------ DATASET RECORDS

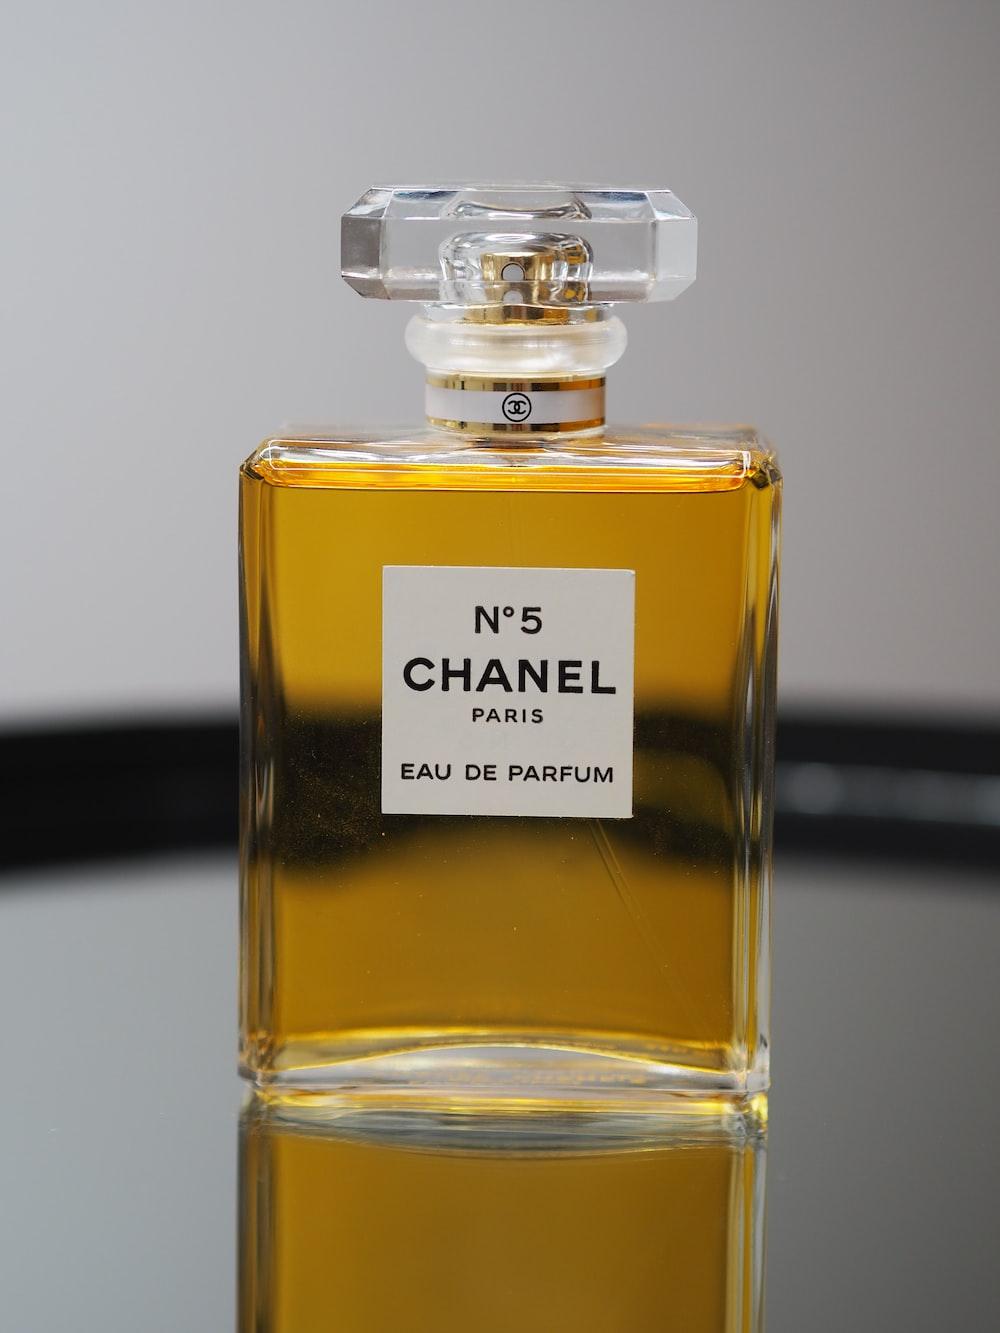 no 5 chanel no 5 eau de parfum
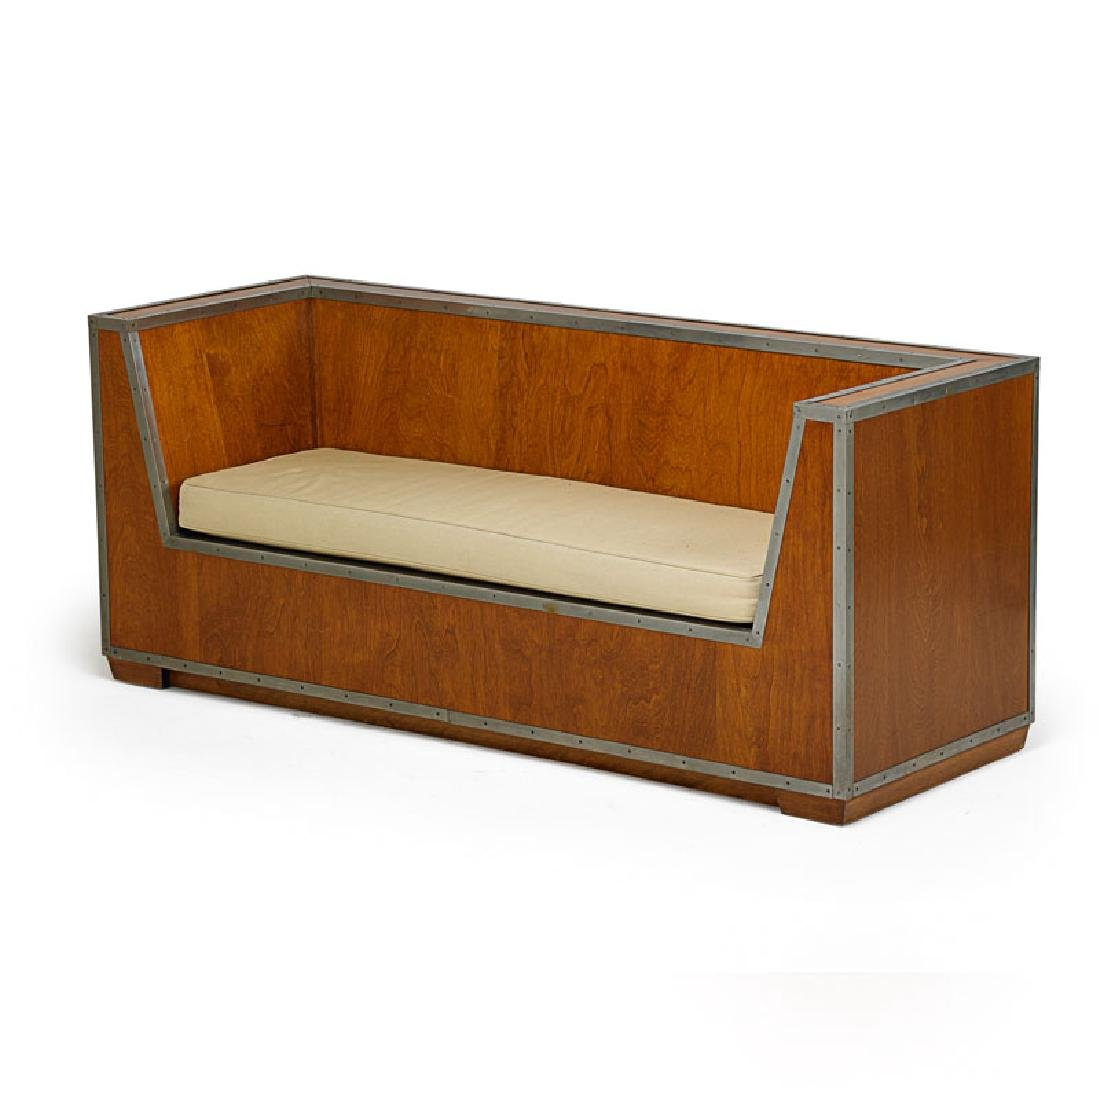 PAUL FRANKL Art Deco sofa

------------
------ DATASET RECORDS

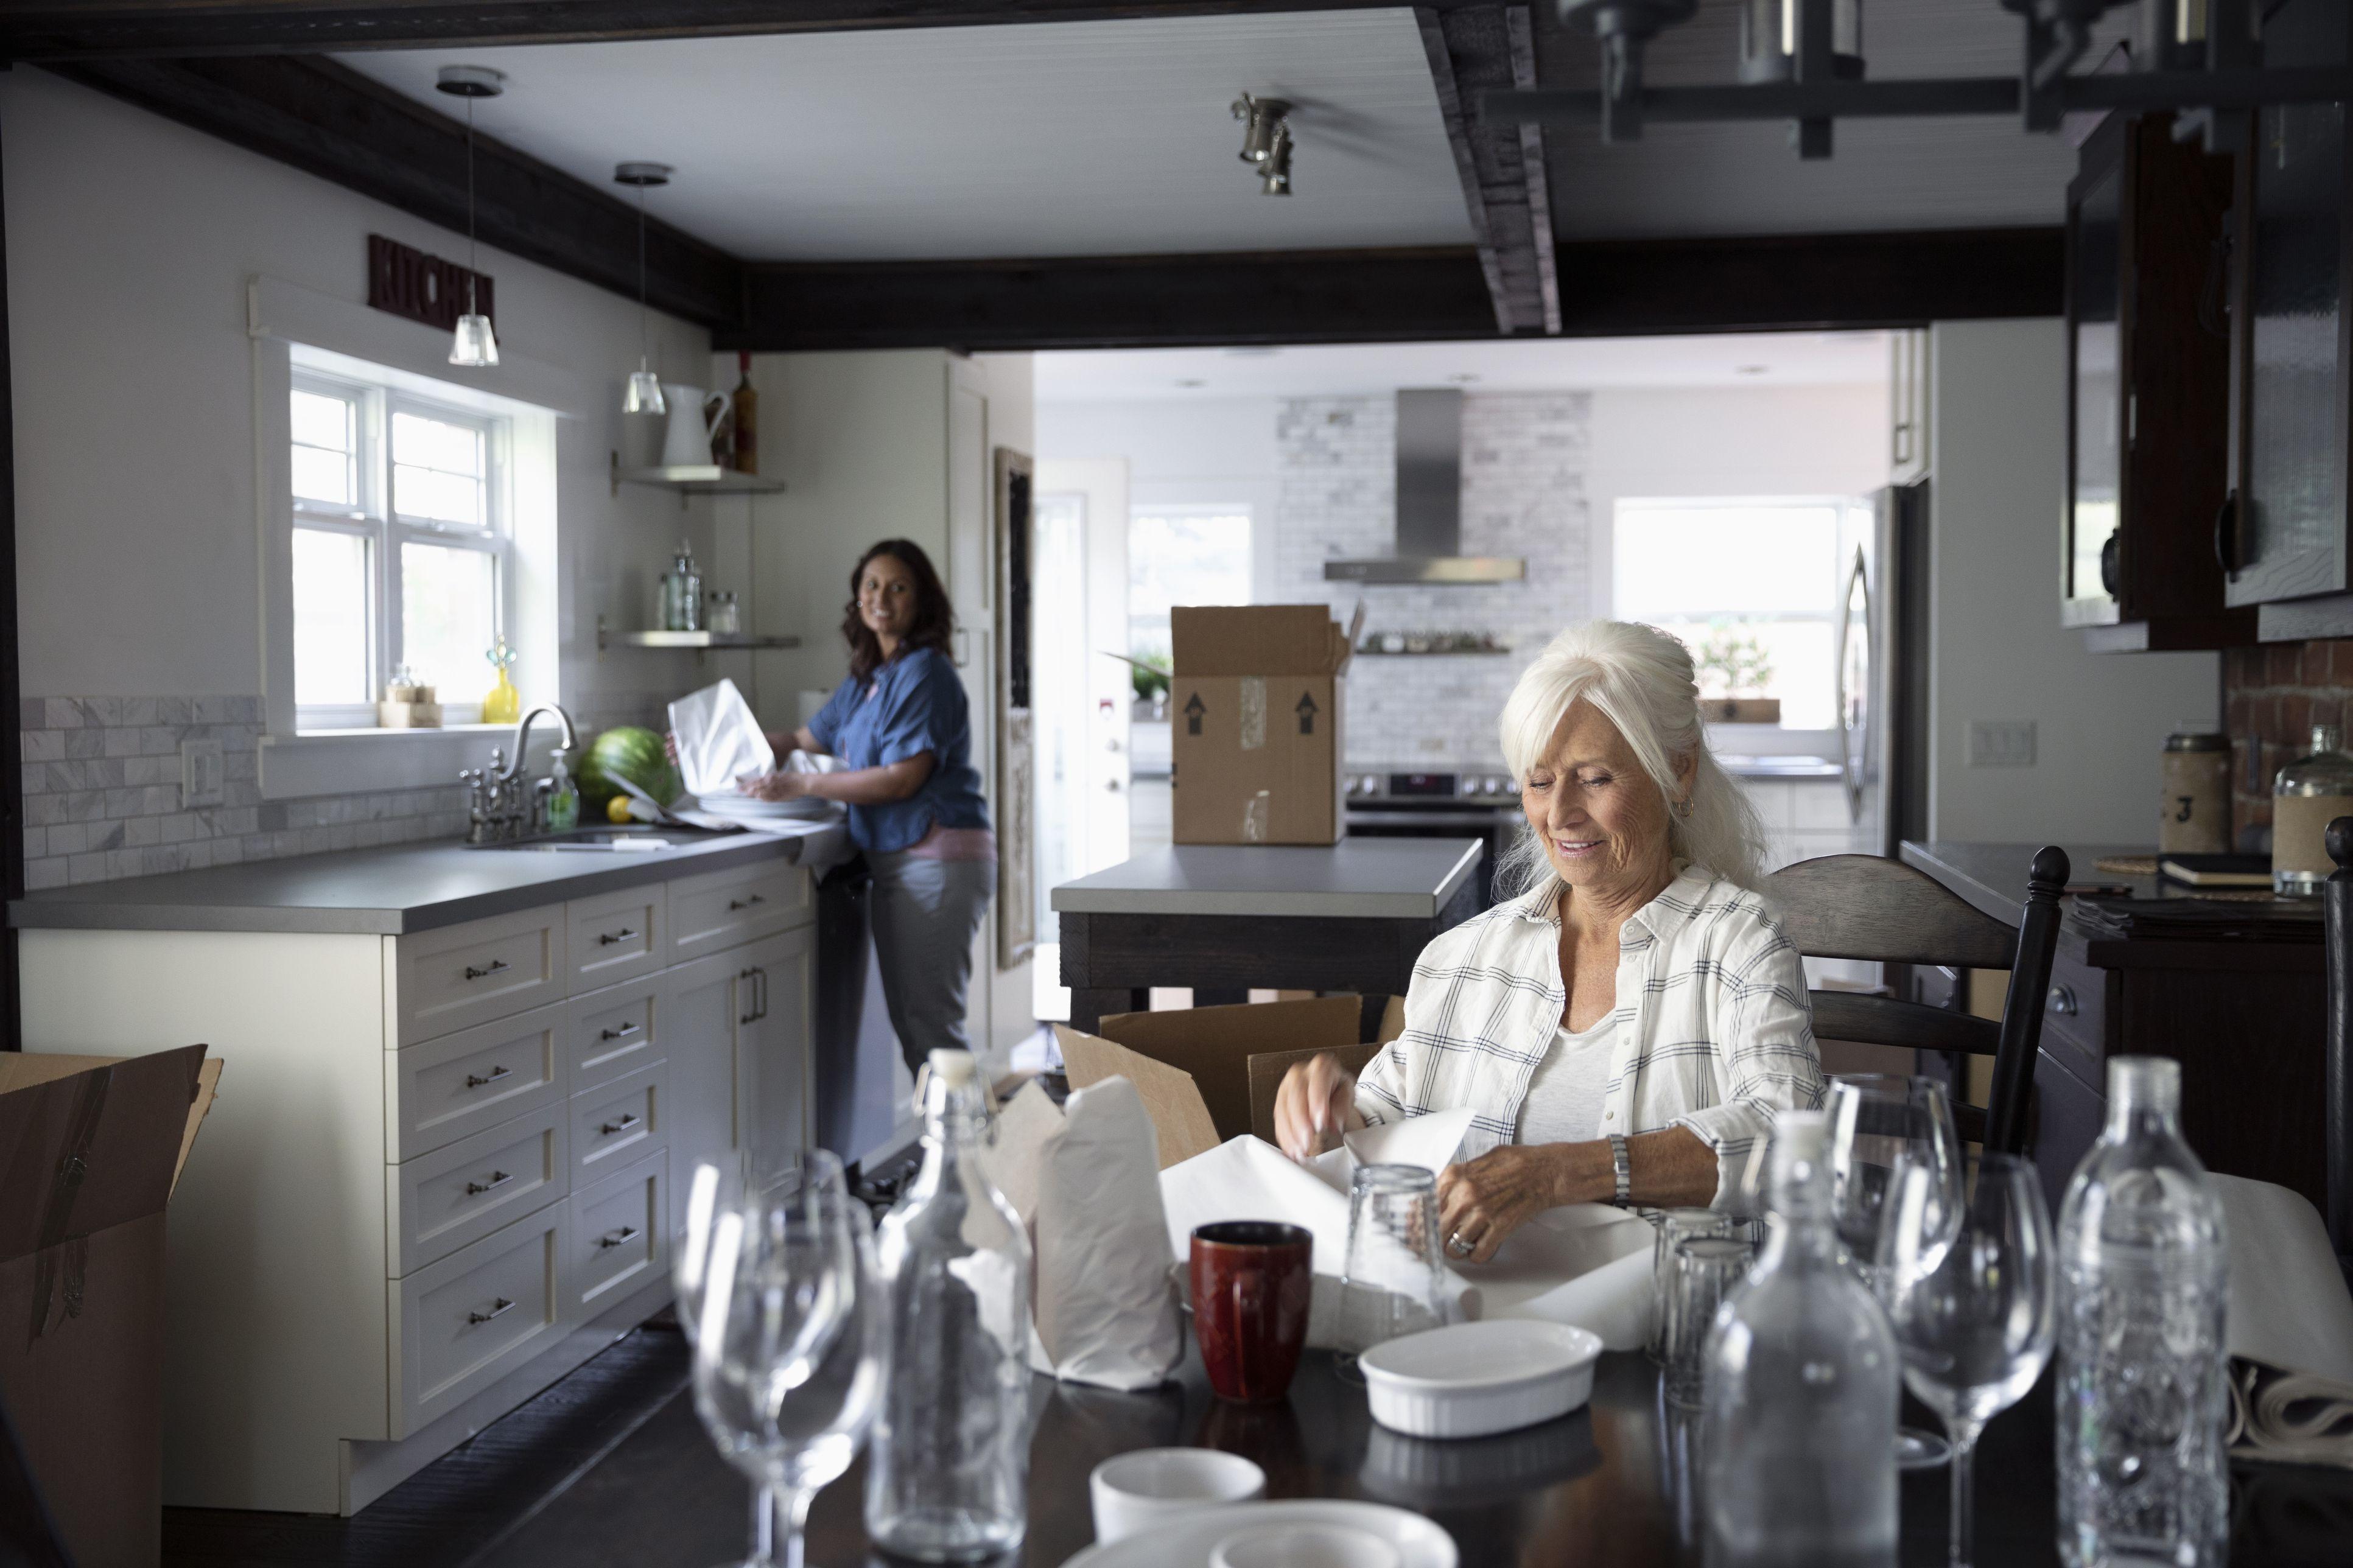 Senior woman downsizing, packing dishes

------------

_REQUIRED WORK_
From the data above, retype only the lines starting with the line with "no 5 chanel no 5 eau de parfum" and going on through the line with "PAUL FRANKL Art Deco sofa", exactly, leaving out the pictures.

_THE COMPLETED TASK_
 no 5 chanel no 5 eau de parfum
 PAUL FRANKL Art Deco sofa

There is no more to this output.